The House-Museum of Bulbul was the Shusha branch of the Bulbul memorial museum in Baku, Azerbaijan, until 1992. It was previously in a ruined status but has been recently restored.

==About==
The house consisted of two rooms and a balcony. Here the pictures of Bulbul's childhood were stored. Some of his personal things, including his dayereh, were displayed in the museum. On the wall Bulbul's concert posters from 1925 to 1926 were hanging. The exposition had reflected Bulbul's activities in Azerbaijan in the 20s in Ganja and his active participation in the music industry in Azerbaijan during the cultural revolution. Photographs of documents about Bulbul's activities in the Komsomol and Trade Union, his performance in Baku, documents and materials about his education in Azerbaijan State Conservatoire and in Italy, large portrait of Bulbul in Italian magazine "Arte Nostra" and articles about him, photos with friends and family were displayed on the showcase. In addition to the photos, there were manuscripts, published articles and reports of Bulbul.

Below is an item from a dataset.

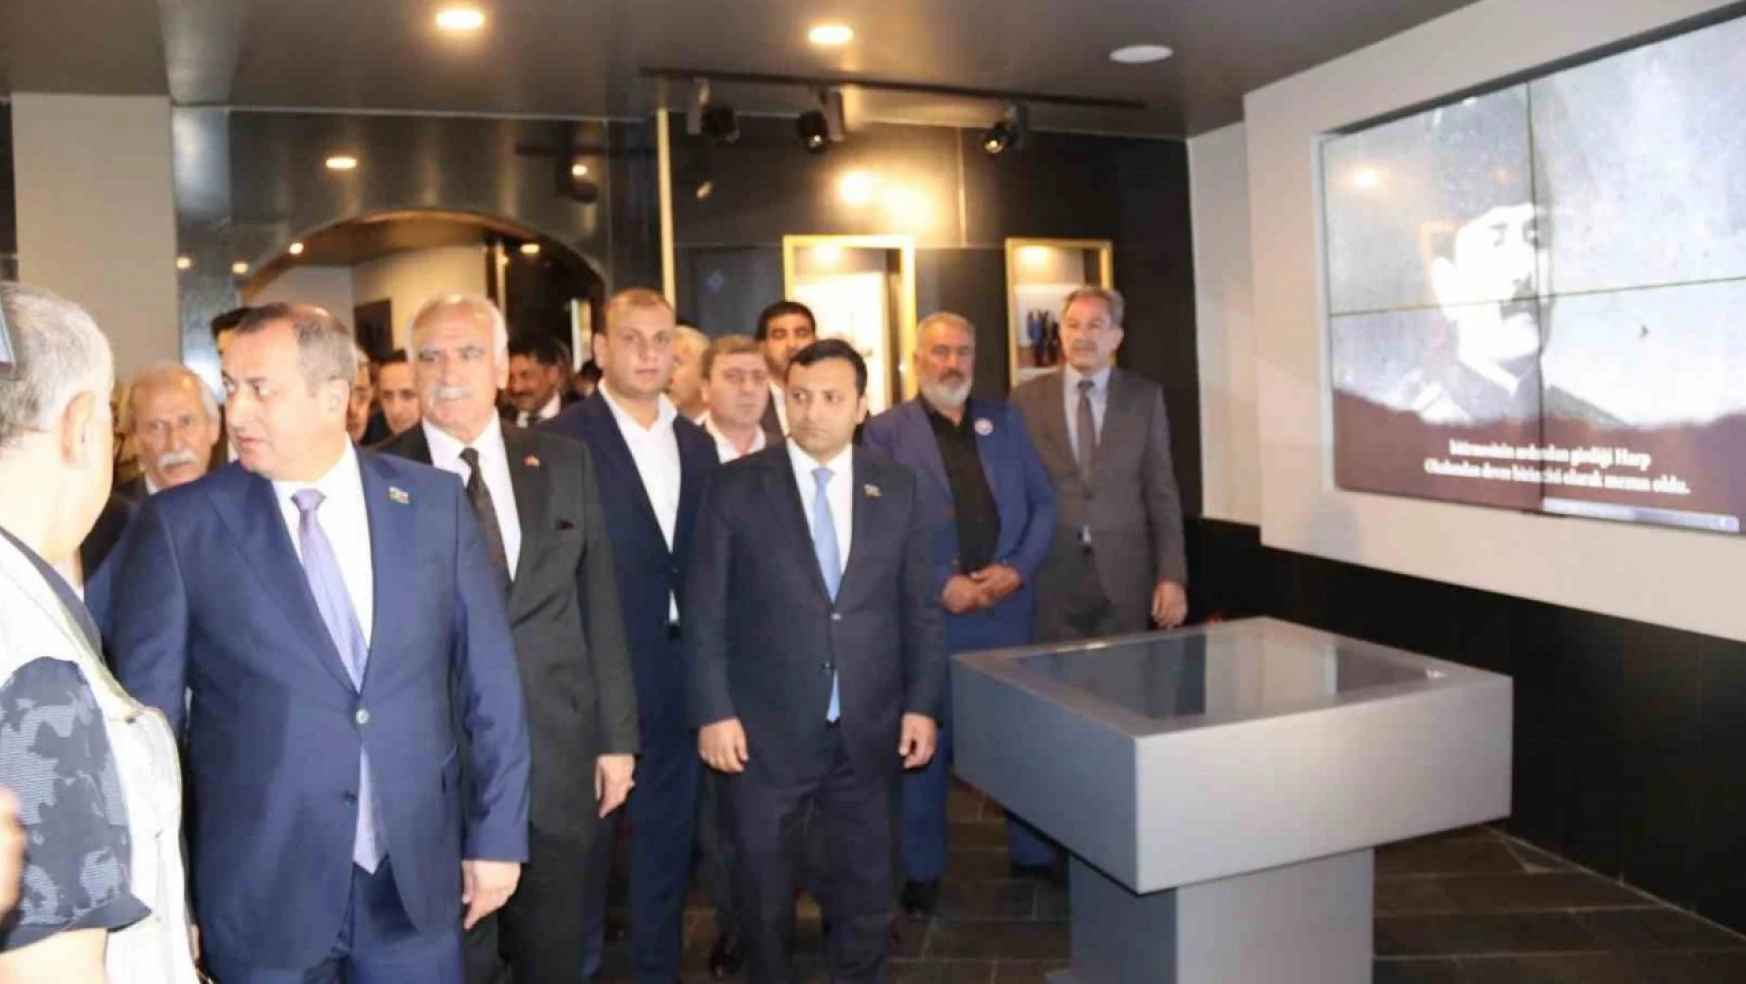 Azerbaycan heyetinden Iğdır'daki kurumlara ziyaret

In the second room, Bulbul's pictures with his family, friends and colleagues were exhibited. Posters of opera performances by Bulbul, pictures of premieres and anniversary performances, lectures, collections and textbooks published by its participation and editing, originals and photographs of official letters were shown here. Unique and valuable documents about Bulbul's creativity, scientific research, pedagogical and public activities were also available. The second room showcases materials that confirm the long-term creative work of Bulbul in creating a new vocal school in Azerbaijan, as well as in the study and promotion of folk music.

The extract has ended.